Paddington Basin gets a floating park

February 2017 - Peter Underwood reports on the latest plans for Paddington Basin

Anyone who hoped to see the far end of Paddington Basin – closed off for several years by a 'fan' bridge – opened up for mooring after a floating market was held there last year is to be disappointed.

Instead the property developers who own the basin are planning what they describe as London’s first floating public “pocket park”, which will open this Spring after getting the green light from Westminster council planners.

The 45m-long green floating platform will be created at the darkest and coldest end of Paddington Basin and will be open year-round until dusk.

Landscaper and former Royal Horticultural Society Young Garden Designer of the Year Tony Woods, is heading the project, and is reported as saying his biggest challenge had been ensuring structural stability of the platform when weighed down by the soil and up to 150 people.

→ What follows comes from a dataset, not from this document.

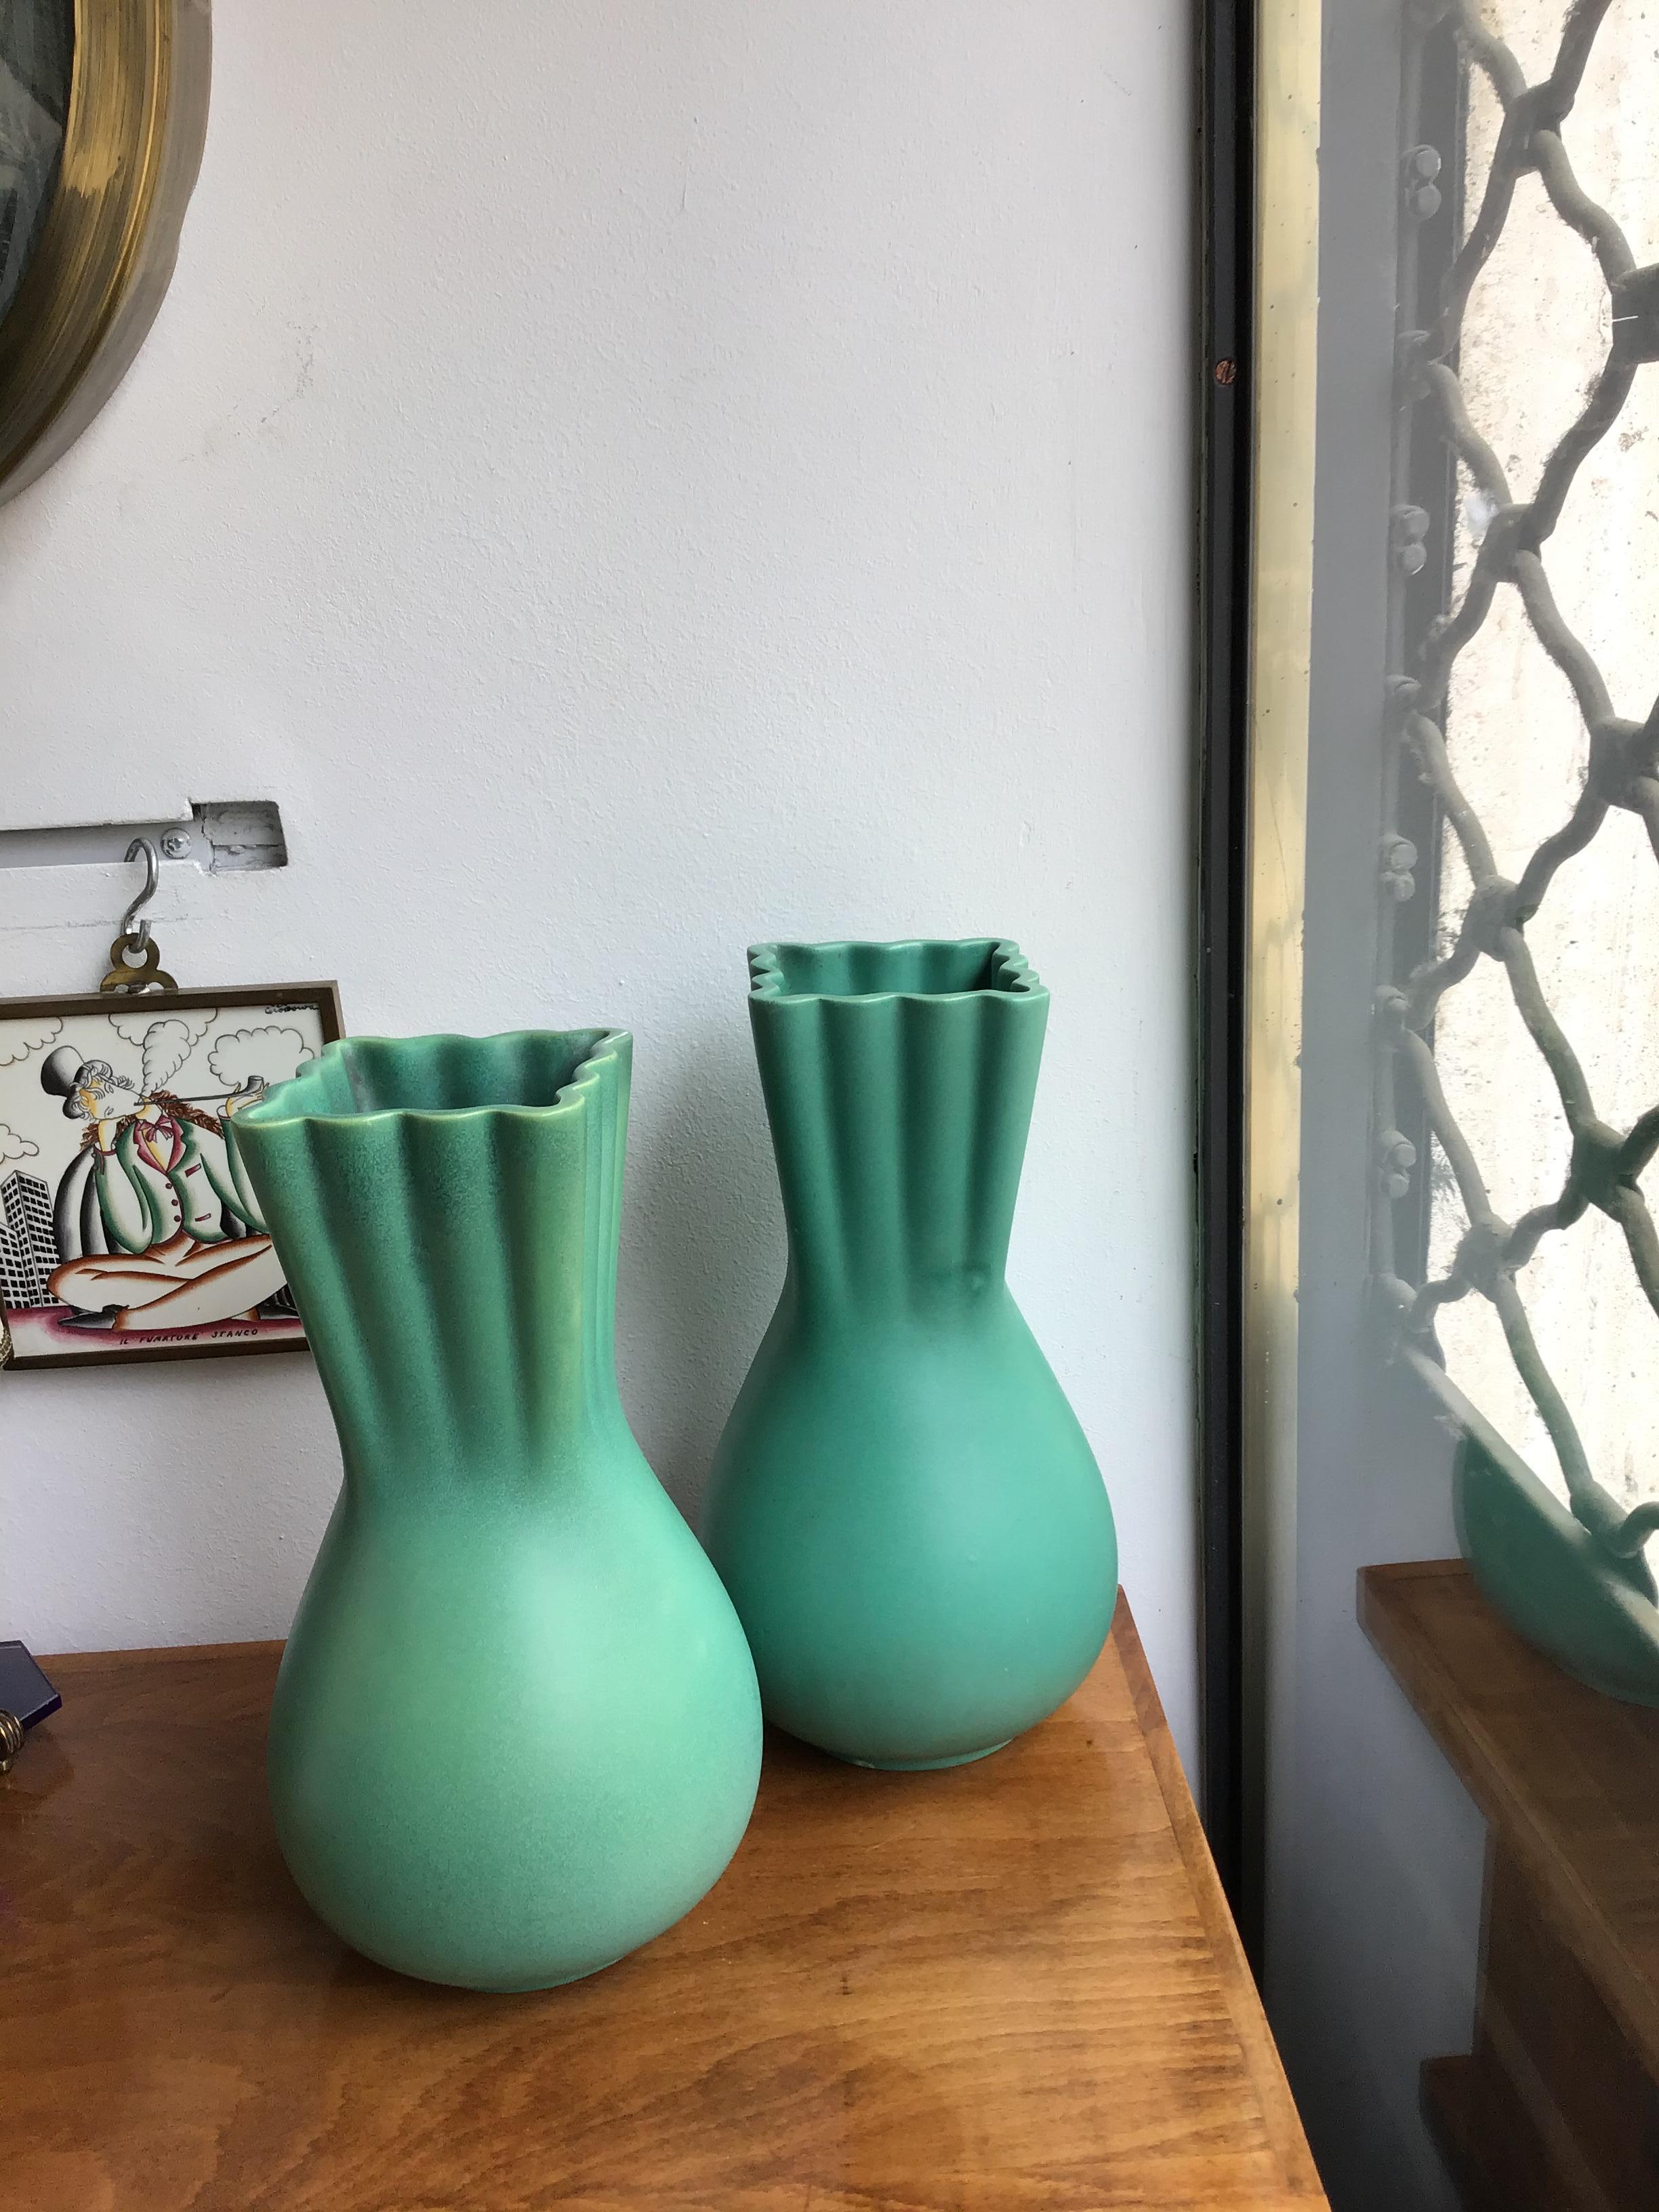 Richard Ginori Giovanni Gariboldi Green Vase Ceramic, 1950, Italy For Sale 8

It has been built from a series of interlocking pontoons made from recycled materials decorated look like reclaimed wood. They are being put together in Cumbria and will be brought to Uxbridge by road. They will then be put on boats to be carried by canal to Paddington in time for a May opening as part of the Chelsea Fringe.

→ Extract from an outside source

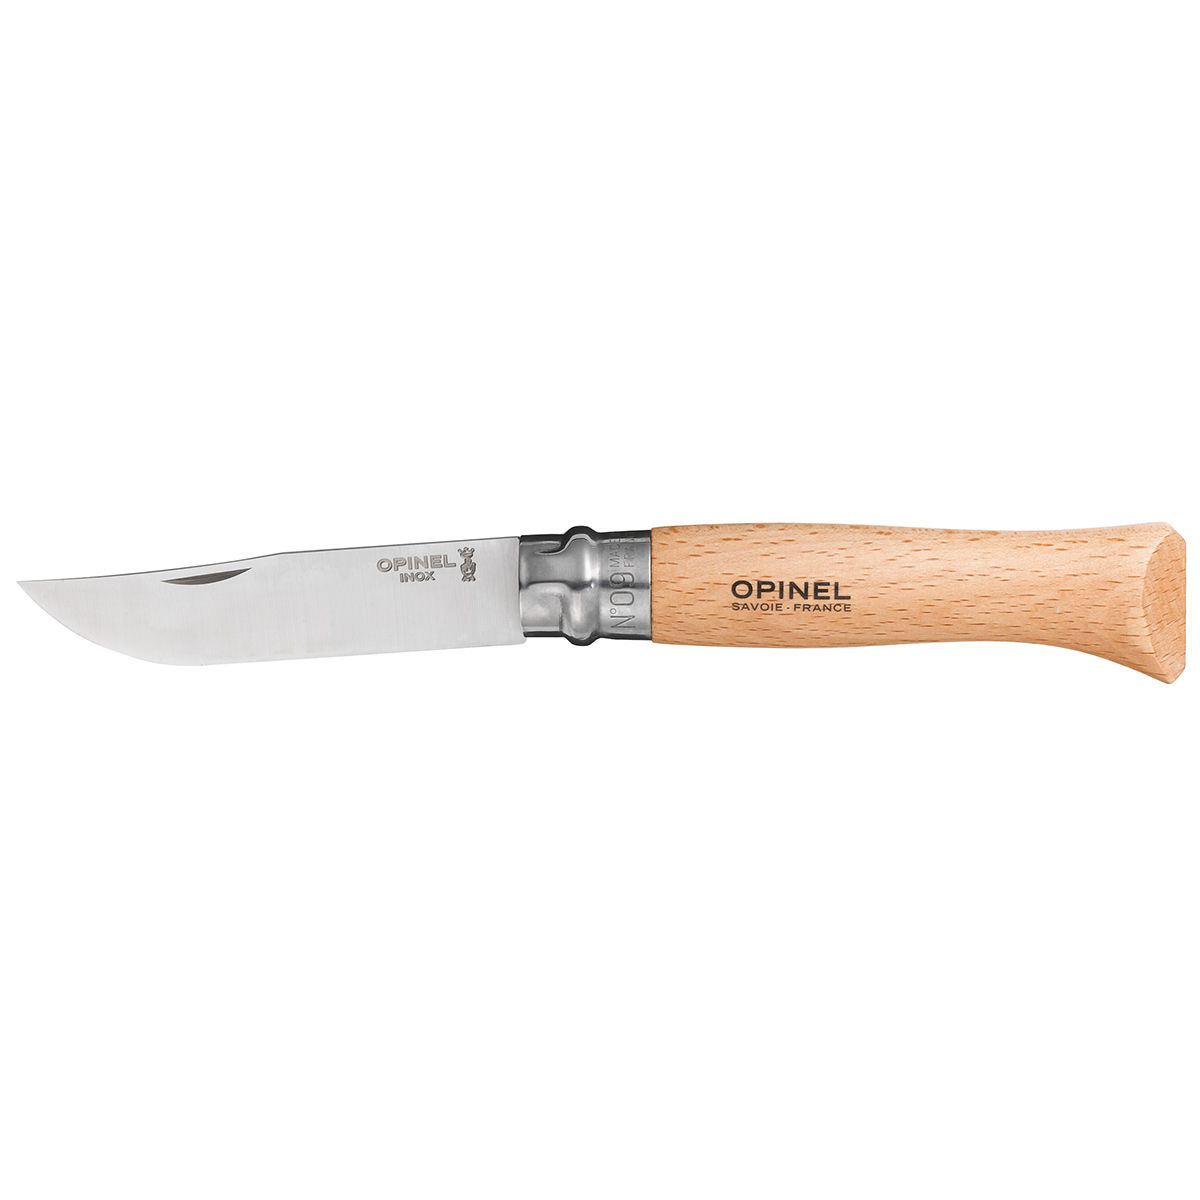 Opinel knife n°9 - Tradition 9 cm - Stainless steel, beechwood

Mr Woods claims that even on a windy day the park should be stable enough not to be rocked by any waves though the basin can produce noticeable movement for boats moored there. “People shouldn’t feel any significant movement,” he said.

The pocket park is to be divided into three areas - an events and installations venue with a pergola, a birds only floating reserve for wildfowl and a main area with lawns, Tibetan cherry trees, flower borders for flowers as well as seating and walkways over the water.

Apparently visitors will be permitted to dangle their feet in the canal water.

The garden will have free wifi access throughout and there will be at least one boat as a mooring for boat-based traders selling coffee or food, is on the plans.

Westminster council’s deputy leader Robert Davis is quoted in the Evening Standard: “The council welcomes this ingenious reinvention of the waterway, which gives this part of the Grand Union a new purpose.”

The park has been funded by property company European Land as part of its Merchant Square development.

Meanwhile the Canal & River Trust is currently selling permanent trader mooring spots; one in the Pool at Little Venice and two by the Olympic Park at Hackney Wick.

Photo: Artist's impression of the plans for the far end of Paddington Basin.